Unlabelled: There seems to be a lack of consistency of maintenance/community-based rehabilitation through long-term care insurance. We aimed to clarify whether consistent rehabilitation can be performed through long-term care insurance by questionnaires.

Materials And Methods: This study was a cross-sectional study in a nationwide survey among rehabilitation staff and care recipients who completed disease-specific rehabilitation and required maintenance/community-based rehabilitation through long-term care insurance. Consistency of rehabilitation was compared using Fisher's exact tests. The concordance of the rehabilitation evaluation and treatment conducted under medical and long-term care insurance was assessed using the κ coefficient.

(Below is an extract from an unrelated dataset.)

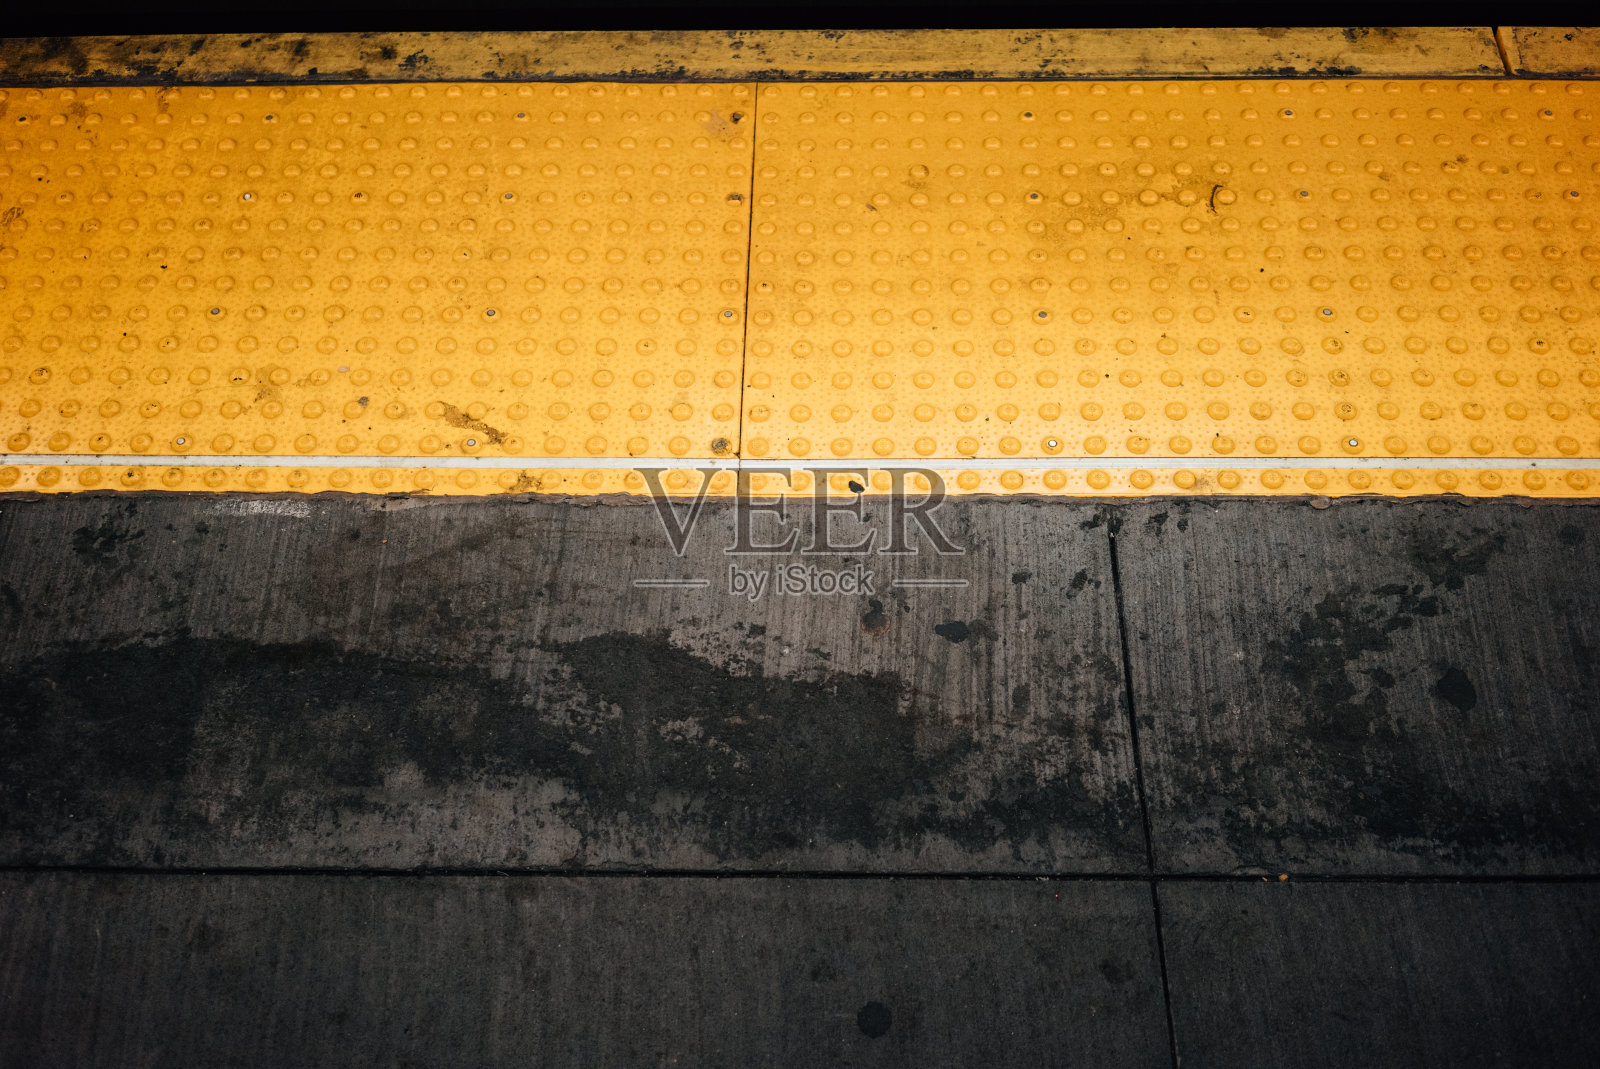 火车站月台边缘画着黄色的缺口照片摄影图片

Results: Six hundred questionnaires from care recipients and staff were analyzed. Of the rehabilitation staff, 264 (44%) obtained rehabilitation plans from medical institutions. There was a significant difference between the responses of "referral from the same medical corporation" and "obtaining the rehabilitation plan" by Fisher's exact test (odds ratio: 3.242; <0.001). Most rehabilitation treatments under medical insurance comprised walking or training with parallel rods/canes [498 patients (83%)], and 454 patients (76%) received stretching and range-of-motion training for the limbs and spine for long-term care insurance. Muscle strength evaluation was the most frequently conducted under medical and long-term care insurance [383 (73%) and 487 (83%), respectively]. The concordance of the evaluation and treatment content, except for disease-specific evaluation, was low (κ coefficient≤0.6).

Conclusions: The rate of provision of rehabilitation plans was low, and evaluation and treatment content under medical and long-term care insurance was inconsistent. Our results draw attention to the need for consistent rehabilitation plans between disease-specific and maintenance/community-based rehabilitation.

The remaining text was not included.